Though it was now known that her baking skills were lacking. She had attempted cookies here, once. They were bricks. Bricks made of edible ingredients that were somehow baked into something that was not edible, and she should have gotten the hint when the cookie dough tasted like goldfish carcass.
Kenzi didn’t know what goldfish carcass tasted like. Technically. It was a safe bet it tasted like her cookie dough, though.
But the laaaaaaaast bit, okay! Wintry blue eyes gleamed excitedly - thanks to the strung lights, mostly - and she held their final ornament like some kind of treasure bestowed to them by the gods. And carefully, so carefully, settled it at the tip. Which didn’t work the way she’d planned. It didn’t sit right at first, she sort of had to twist some branches and basically fuck the head with one of them until it stood right.
There. Pat-pat.
“We’ll get a candle, but a cool one. I’ll bedazzle it or something. And we could use it. Every Christmas.”

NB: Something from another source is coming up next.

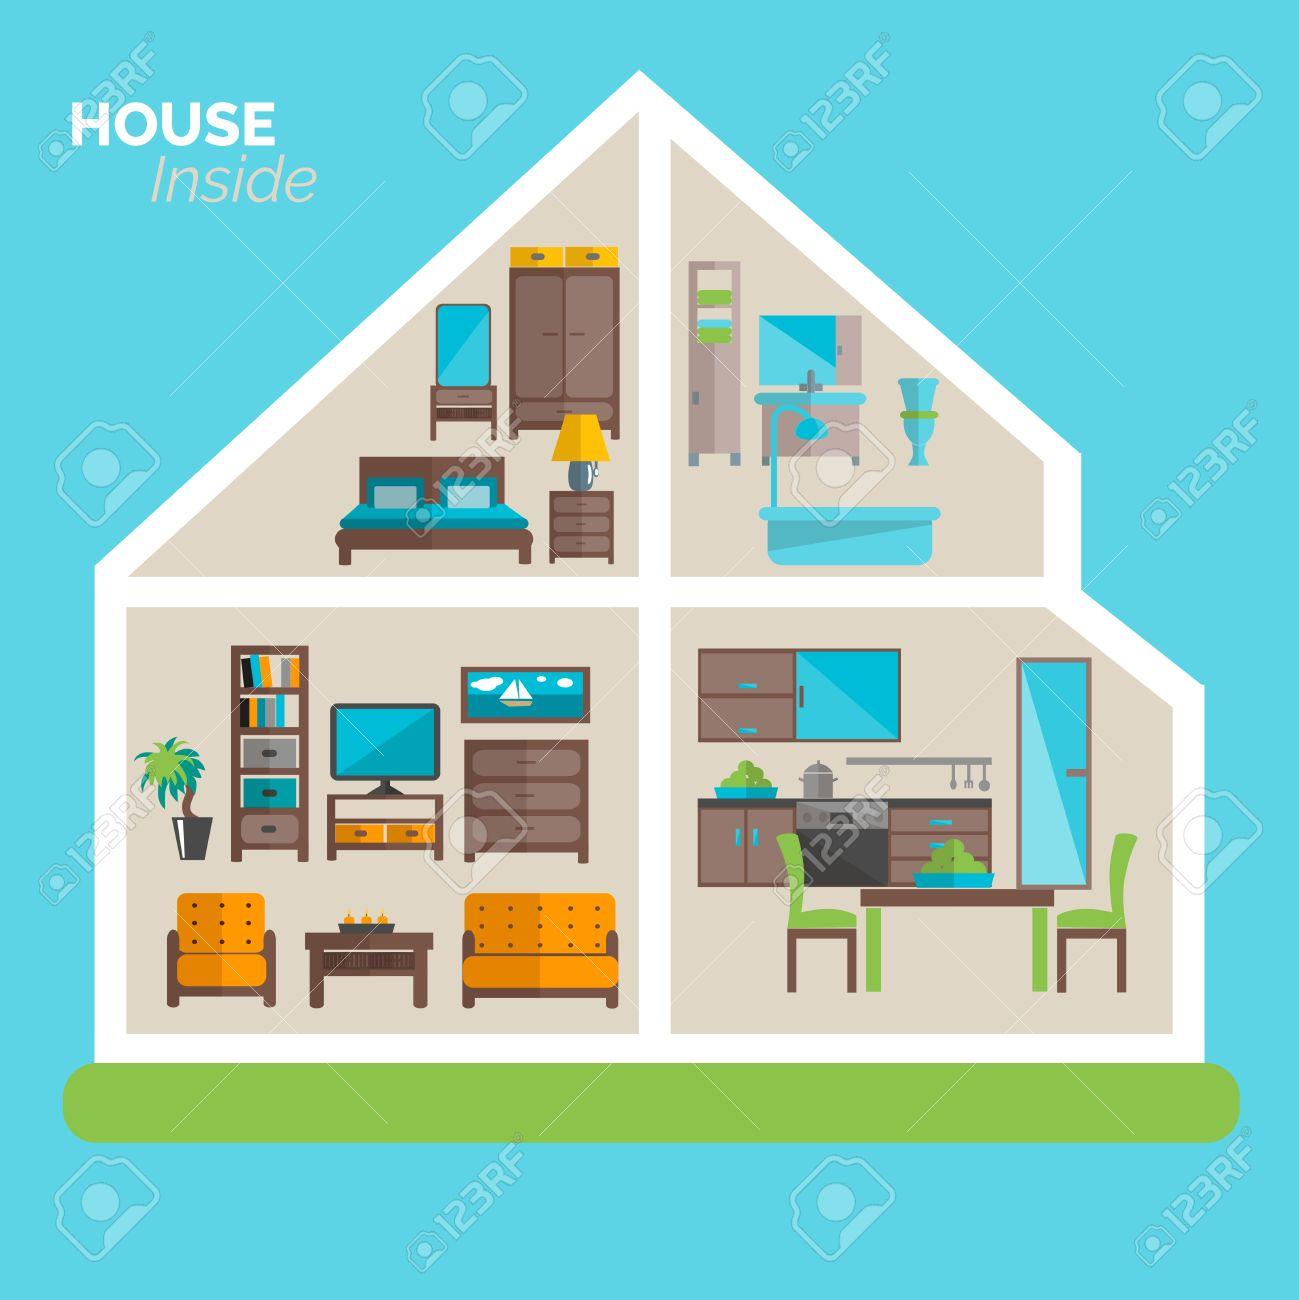 House inside interior design ideas poster for sleeping sitting..

“Well, he was quite a bit older so he wanted to keep the magic alive for me as long as possible,” Killian chuckled. “Unfortunately, I figured it out relatively quickly regardless. Rather depressing when I did. Still, I suppose lighting the candle was just...something for us to do.” Together, and all that bullshit.
Of course Kenzi would bedazzle it when the tradition was reinstated this year. He rolled his eyes fondly.
“That looked dirty,” he noted about the skull-branch copulation that was putting the tree topper on. “Poor fellow’s been impaled. But looks nice, I guess.” Flopping down on the sofa, he let out a sigh - for some reason he was exhausted, probably because of all the stress. Not to mention the meds he was on. Tripping balls was a lot of work. “We can sit and admire it.”
Dirty? Huh. Well, technically it could be considered skull fucking, since wasn’t Jack a -
Nevermind. Thinking way too hard about all that, Kenz. Their topper was perfectly propped atop their tree, that’s all that really mattered, and it defied all the tacky gold-red-green color themes every other Christmas tree was cursed to have.
Satisfied, the little thief joined him on the couch, bowl of leftover popcorn nestled on her lap. “Looks awesome, bro,” she proudly assured after stuffing her face with a handful of puffed corn. “I totally dig it. Props!”
And by ‘props,’ she meant bro-fist. It’s okay, Killy, she’ll make sure you were up to speed with the cool lingo. Kenzi is here for you foreeeevers.